Time stopped in that moment. A lecture I shared with my City College students hours earlier, Ralph Ellison’s “Battle Royal,” and institutionalized racism became real to me. Institutionalized racism had moved from a theoretical concept in a course syllabus to a voice in a meeting about our students’ future. The thing that was equally upsetting to the words being spoken was the silence that filled the room afterwards.
A room filled with professional people, people with titles, people with degrees, people who have equity written into their mission statements, all silent. Perhaps they were silent because they were in utter shock, like I was, but the silence lingers too long.
I felt something rise in me — scholar, mother, pastor, and the strength of those who came before me — all at the same time. I knew that if I allowed that moment to pass, I would be participating in the very system I teach my students to critique.
So I named it — racism.
I wrote in the chat to the person who made the remark, Allyson Friedman, Professor at Hunter College, what others did not — that her comments were disgusting, that they were harmful, that that language had no place in a space that claims to serve children. Then I heard, “Mute.” I exclaimed, “It’s too late to mute — tell us how you really feel.”
My hands were shaking. My heart was racing. When the meeting moved forward, I had to step away and scream — not because I was weak, but because I am tired of watching our children be strong in spaces that are still not safe for them — tired of watching adults choose comfort over courage.
In my classroom, I teach that racism is embedded in systems. That night, I was reminded that systems are made of people, and people make choices. Allyson Friedman, a professor from Hunter College, chose to speak words that dehumanized Black children.
And I chose to interrupt, because our children must be protected in real time — not in a report, not in a statement, not after a committee meets. Let me say plainly what this moment requires.

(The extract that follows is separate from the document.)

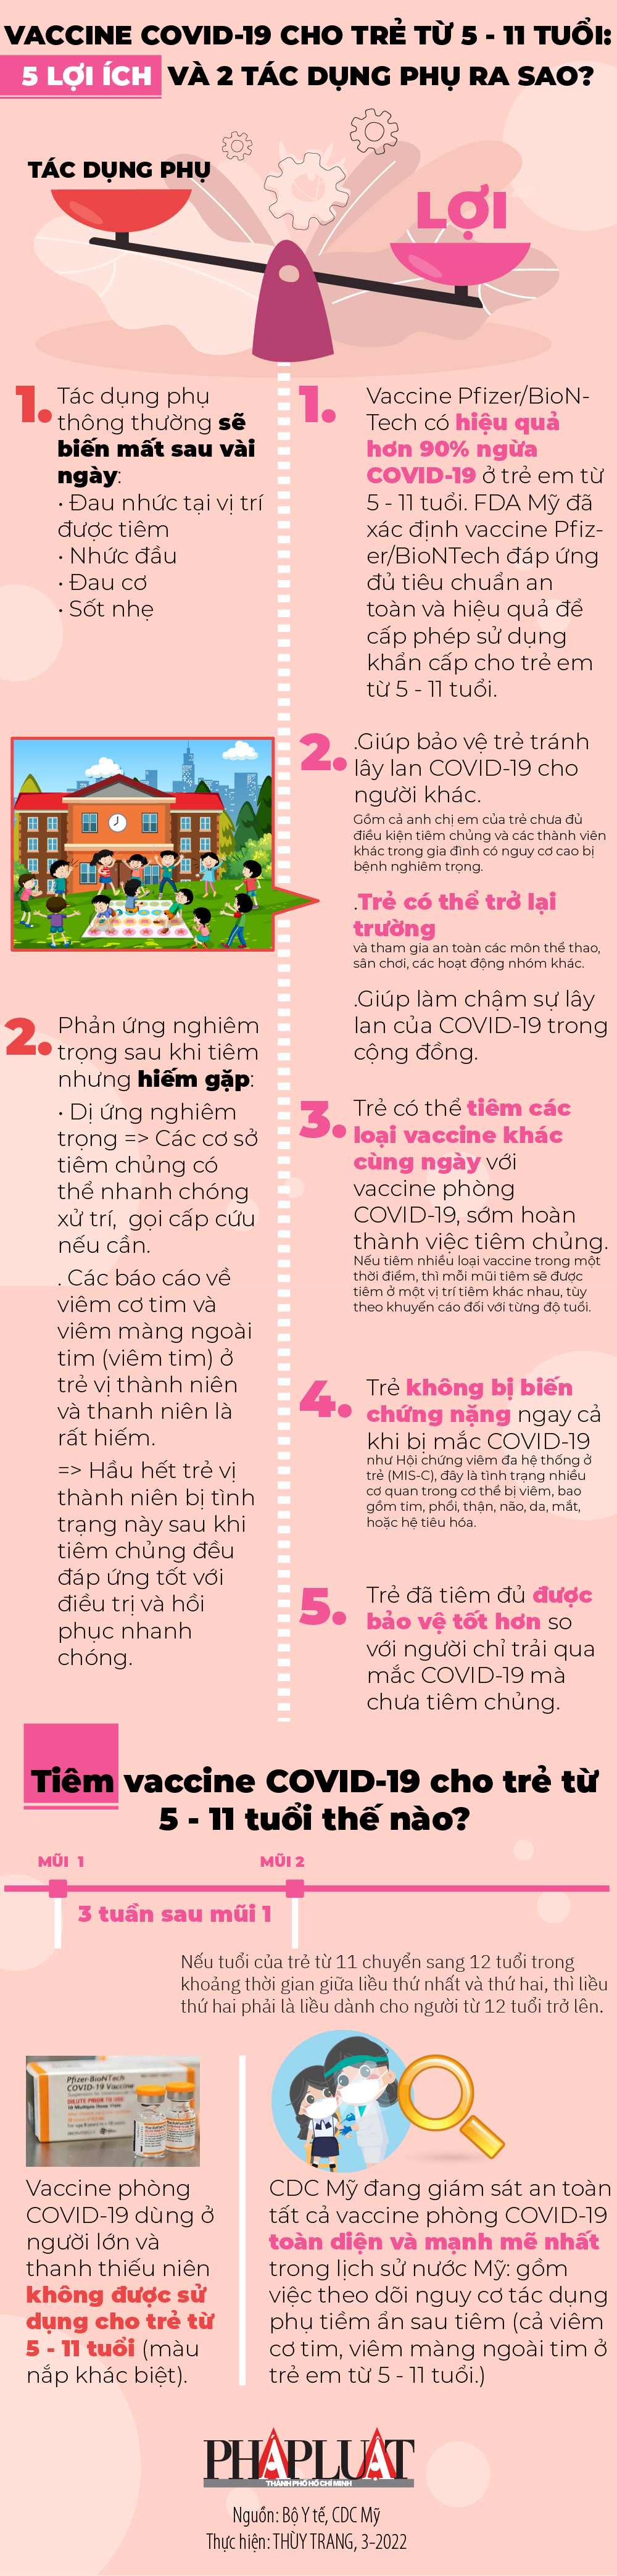 infographic-5-loi-2-tac-dung-phu-tiem-vaccine-tre-em-5-11-tuoi-2022-01_wbrm

A person who publicly declares that Black children are incapable of learning is not fit to prepare future teachers. Allyson Friedman must be removed from the academic classroom.
Not retrained. Not reassigned. Removed. And if Hunter College does not remove Friedman, students should protest — not out of disruption, but out of a deep commitment to protecting the dignity, safety, and humanity of their learning environment. This is not about punishment; this is about providing protection. Protection for Black children to see their own brilliance when they arrive at school. Protection for future teachers who have never been allowed to have their ideologies supported because of ideological shifts, and to protect the integrity of the institution that claims its value is equity.
We need real-time protocols when racism enters public educational spaces. We need clear and public consequences for those who engage in it. We need protection for the parents, students, and educators who speak up in the moment. We need institutions that move with urgency when our children are harmed.
Because neutrality in the face of racism is not neutrality. It is an agreement.
Dr. Michele Sweeting-DeCaro is an adjunct professor at CUNY’s City College Center for Worker Education and John Jay College, Director of the CWE Writing Center, an author, pastor, and president of the CWE Alumni Association.